A few nights ago, I finished The Line of Beauty by Alan Hollinghurst, the 2004 winner of the Booker Prize. I'm still thinking about it. The book is beautifully written, and I admired that, just as I admired the construction of the narrative. Throughout, we see the protagonist, Nick, growing slightly older, and drifting further and further into a world of deception and inevitable disaster - and the narrative takes us along in the same tone, where Nick sees and yet doesn't see: somehow, suspended in a dreamworld he never imagined inhabiting, nothing bad is really going to happen to him. And yet, of course, it does.
I admired the writing, but I found precious little to like in the portraits the author paints, or the situations the characters inhabit. One tries to like Nick, and there is a lot about him that is good, especially his love and depth of understanding for art and beauty -- which he recognizes, to his sorrow, are not shared by the people around him who have the power to acquire whatever they want, and for whom art is a symbol of wealth, power, and a means of exchange.
An interview with Peter Rose of The Australian Book Review talks about the intersections between the world of this book and the author's own life, something any reader of this novel will be curious about. Hollinghurst did go to Oxford; he is gay; and says as a young man he was indeed something like Nick, the young protagonist of the book. But the author says he's never even been inside one of the Kensington mansions he describes so vividly in his book. His goal was to write a book about the times - the 1980s - both in terms of the political atmosphere of Thatcher's Britain, and what was happening in the lives of homosexuals as AIDS first became known as a threat, and then as gay men first began dying of it.
"It's a book about decadence. It's about the lure of
the aesthetic life, but also its dangers. Nick lives in a world of his
own sexual preoccupations. I hope the reader is aware of the terrible
things happening outside the scope of the novel."
Another interview, in the Guardian, took place the day after Hollinghurst won the Booker, and has more details about his career and the uncomfortable label of "gay writer" that has been attached to his name.

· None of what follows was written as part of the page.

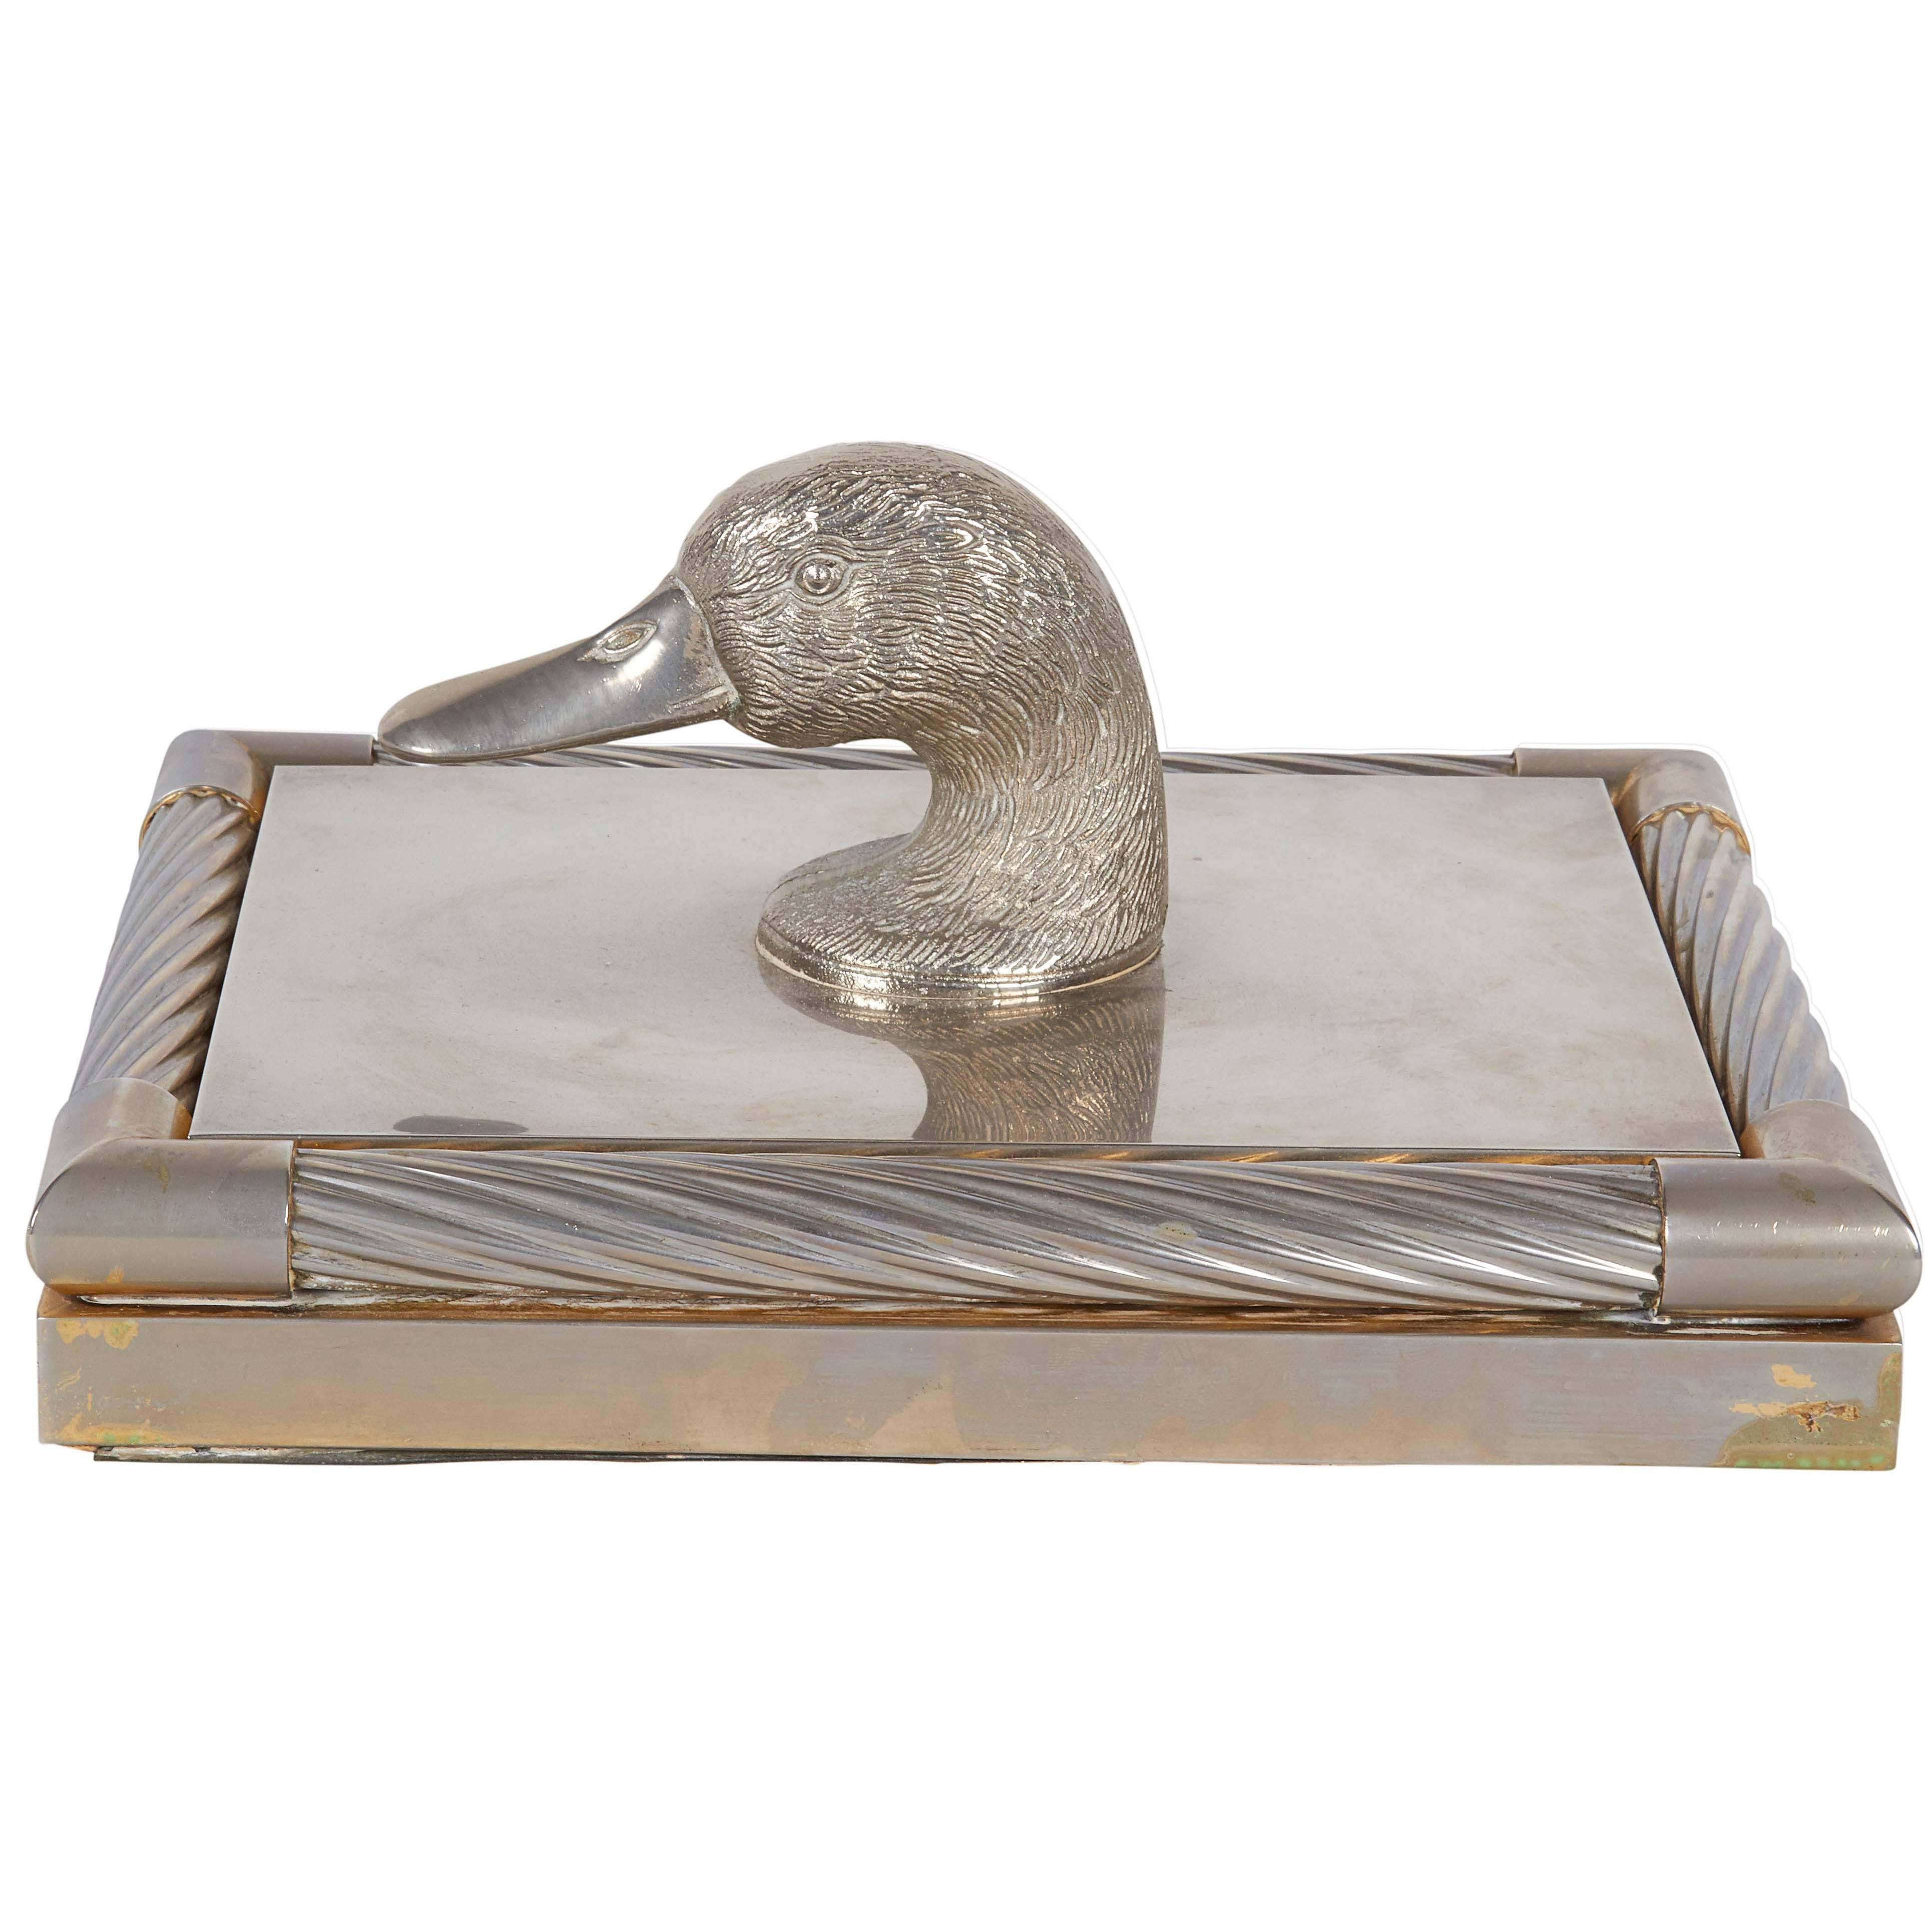 Decorative Lidded Box with Duck Finial

As I read the book, and now, reading these interviews, I'm disturbed by some stereotyping. For one thing, Hollinghurst is labeled and pigeon-holed, as is the book itself, into some category of "gay fiction" which demeans it just as much as books that are labeled as "women's fiction" or "black fiction". The book is an important portrait of at least three major aspects of the 1980s: the AIDS crisis, the political world during Thatcher's time as PM, and the rise of extreme wealth, decadence, and self-centeredness which marked the 1980s and are still with us today. But because I have been writing so much myself about the issues of gay rights and have seen so clearly what opponents use as their weapons, I know that the book's portrayals of insensitive, irresponsible promiscuity and drug use, while perhaps accurate for their time, add fuel to the arguments of those who want to condemn homosexuality and homosexuals in general. Furthermore, Nick's lover Wani - perhaps the most decadent character in the book - is the son of a Lebanese father who fled Beirut and moved to London, became fabulously wealthy, and received an honorary title of "Lord" - yet the son (another Oxford graduate) spends incredible sums of money, indulges in the riskiest kinds of sex, keeps a "pretend" girlfriend, and consumes enormous quantities of cocaine. It may reflect a significant aspects of British culture in the 1980s, but if that isn't a stereotype - and an unhelpful one for these times - I don't know what is. In order to win such a prestigious prize, shouldn't the author be able to deal with these subjects with more nuance? Or is that, perhaps, his point - that in 1980s London (or even now?) there was no nuance: this is how these particular "types" of people were perceived, and that is what he wants to show us?
Although the critics seem to have focused on the themes of gay sex and the decadence and corruption of the wealthy, what I found most interesting and moving about the book was, in fact, the subtext alluded to in the title: a sensitive person's response to art, and the question of whether art can, in fact, save us. The very best passage in the book, for me, takes place during a concert in the Kensington house where Nick lives - the home of a wealthy MP and his family; Nick was secretly in love with the straight son of this family when he was at Oxford. The concert is being put on by the MP as a way to impress guests, and the musician is a young female Russian pianist who he "discovered". We hear everyone's reaction - their boredom, their ignorance of the music, their false reasons for promoting it and attending it, and it is a painfully accurate description - as I learned during my own days on the board of a fine arts organization - of how many wealthy people use art to further their own ends. But at the same time, we also hear Nick's running commentary on the woman's playing of the particular pieces - and it shows us his knowledge, his love, his compassion for the challenges faced by the musician, and his own emotional response and understanding of that, too. In this music, Nick finds what he seems to have been looking for in sex and in drugs and in rubbing up against wealth.
So I had high hopes, for a few more pages. But Nick can't hold onto it, and his world slowly unravels -- and that, perhaps, is an accurate portrait of our times too, and not a stereotype at all.